▶ Data provided
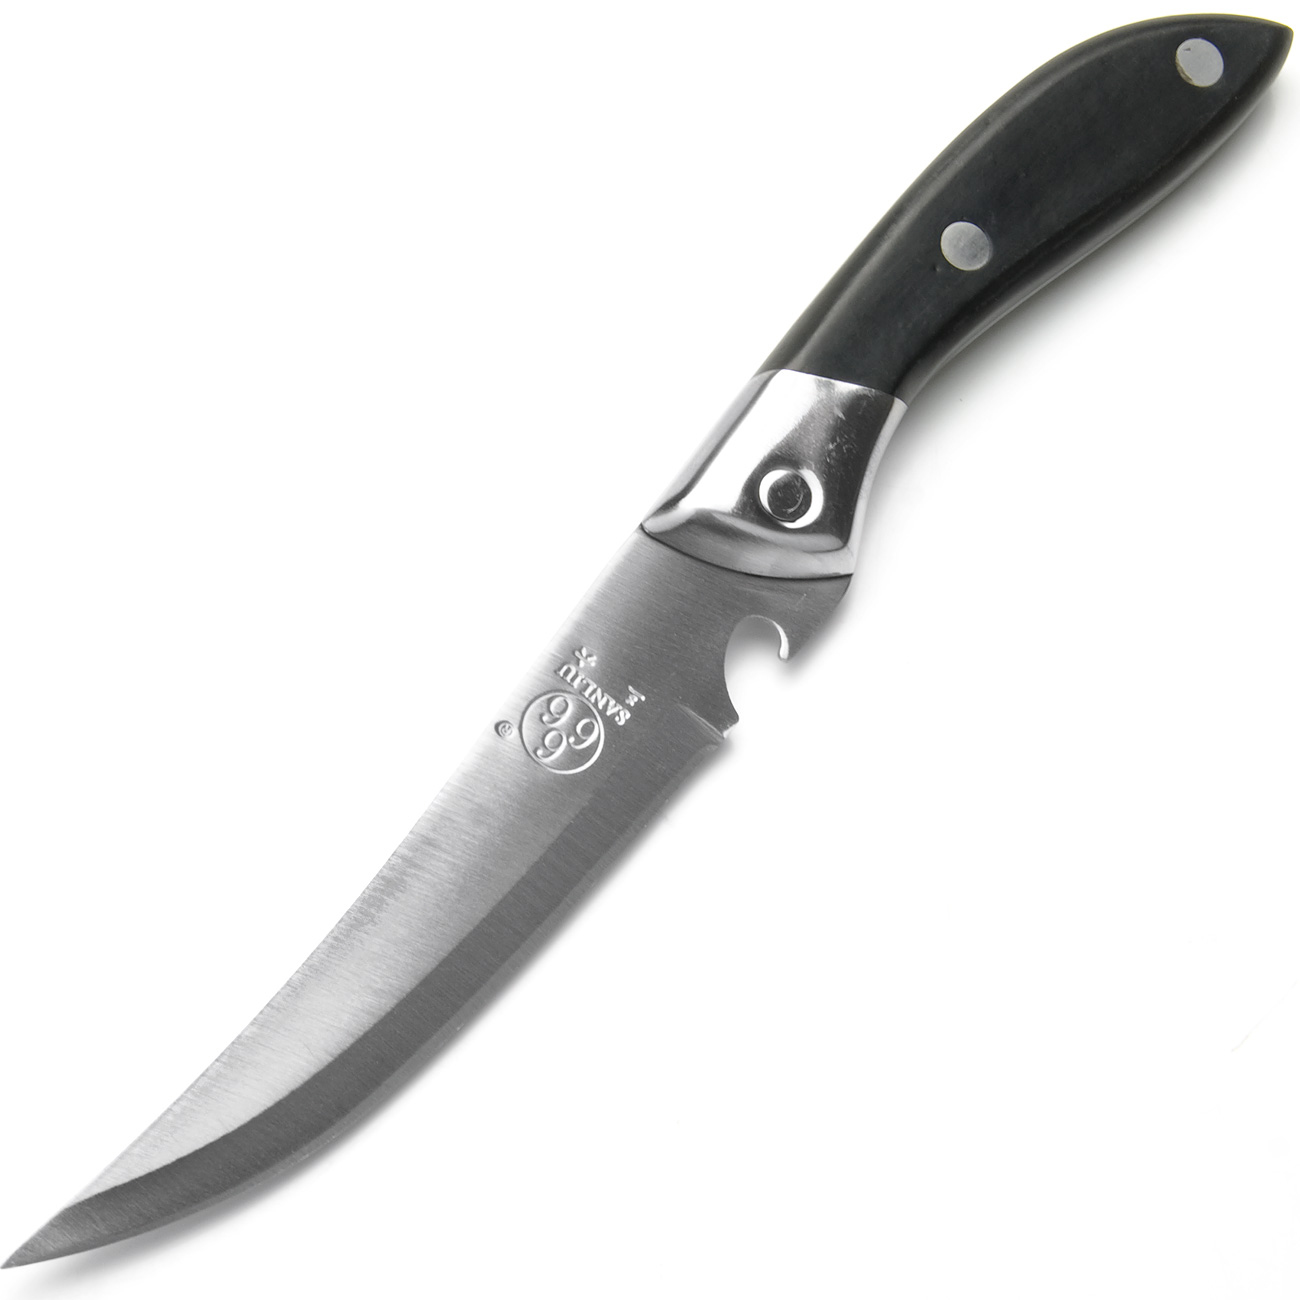 фото Нож универсальный, цвет: серебристый, черный, длина лезвия 13 см Sanliu 666
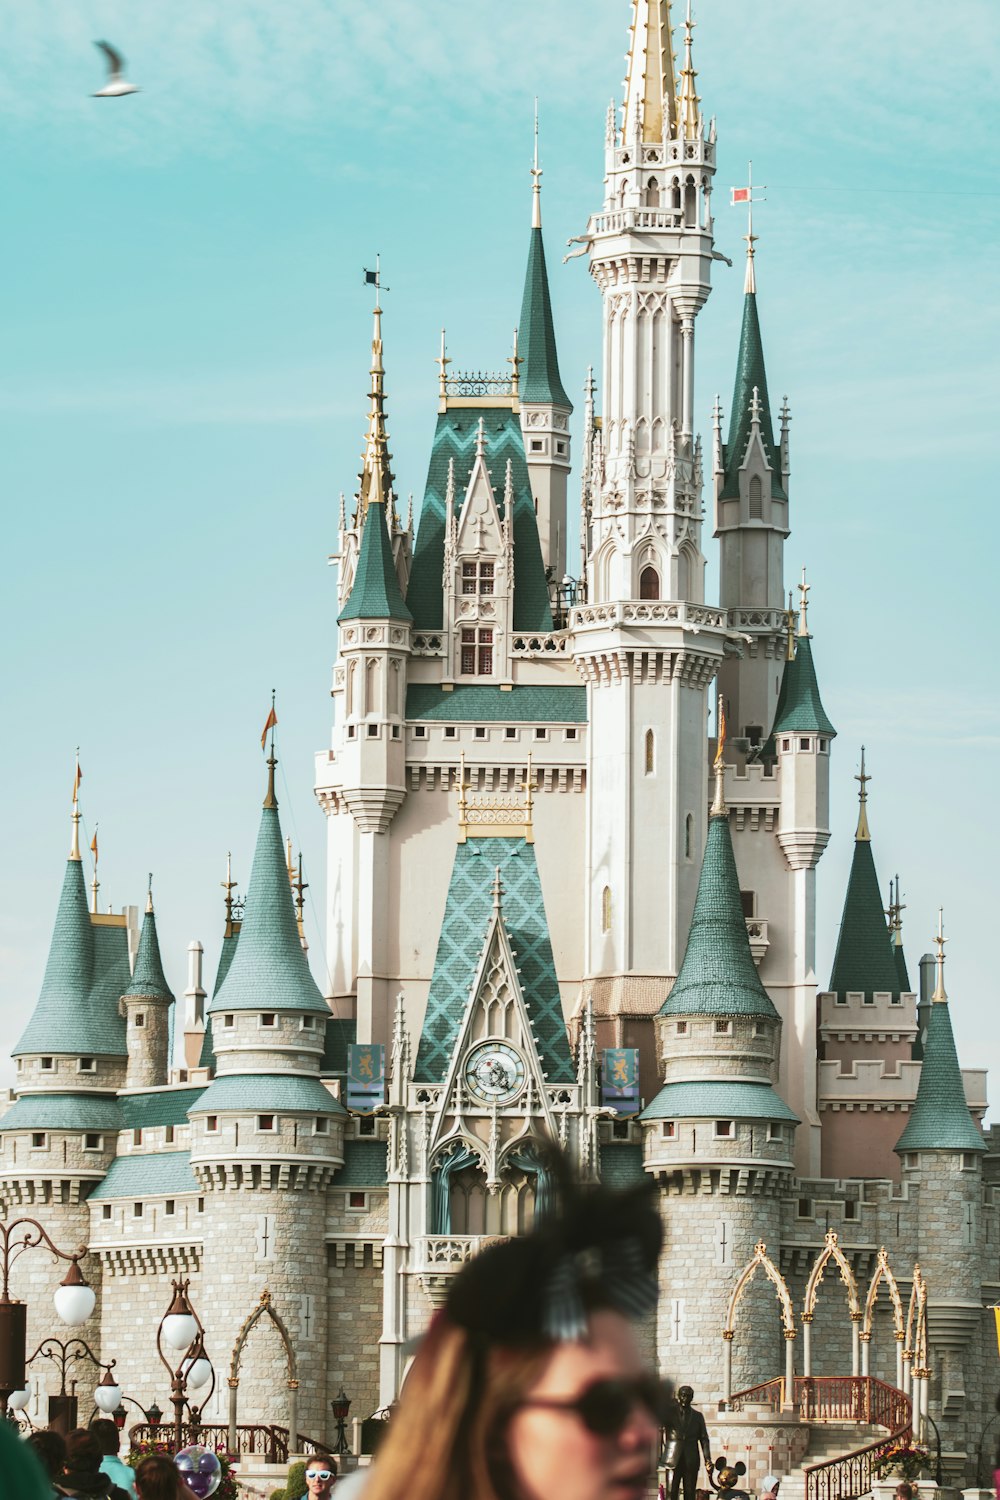 Menschen, die tagsüber in der Nähe von Disney World Cinderella Castle spazieren gehen
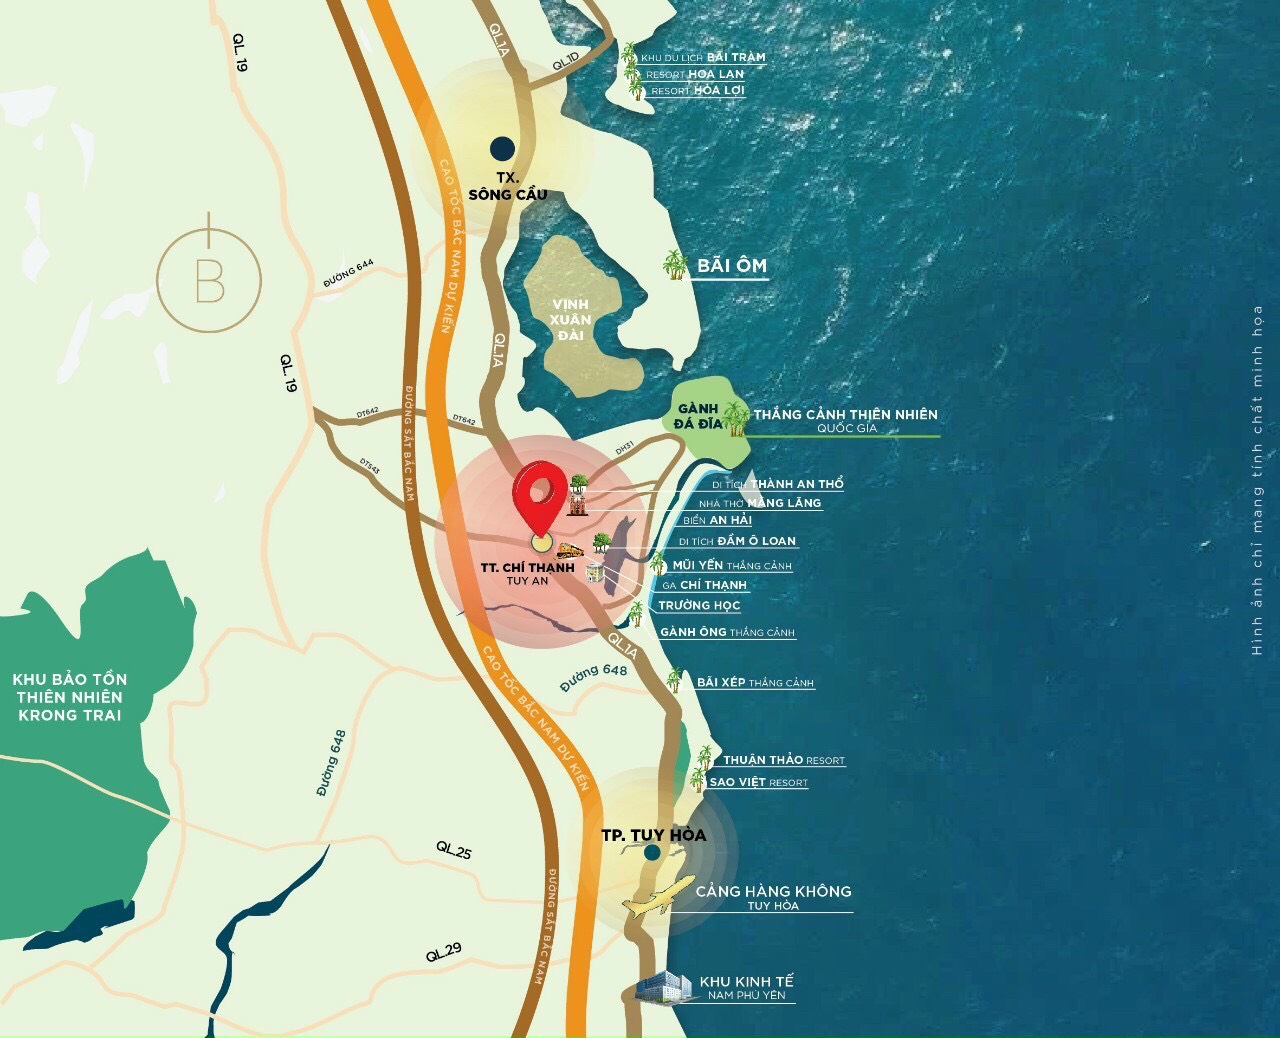 Đất nền ven biển Khu dân cư Đồng Đèo - Phú Yên, sổ đỏ từng nền, giá chỉ từ 2tr9/m2 4

▶ The problem
Please leave the images out and retype the rest of the material exactly.

▶ Task result
 фото Нож универсальный, цвет: серебристый, черный, длина лезвия 13 см Sanliu 666
 Menschen, die tagsüber in der Nähe von Disney World Cinderella Castle spazieren gehen
 Đất nền ven biển Khu dân cư Đồng Đèo - Phú Yên, sổ đỏ từng nền, giá chỉ từ 2tr9/m2 4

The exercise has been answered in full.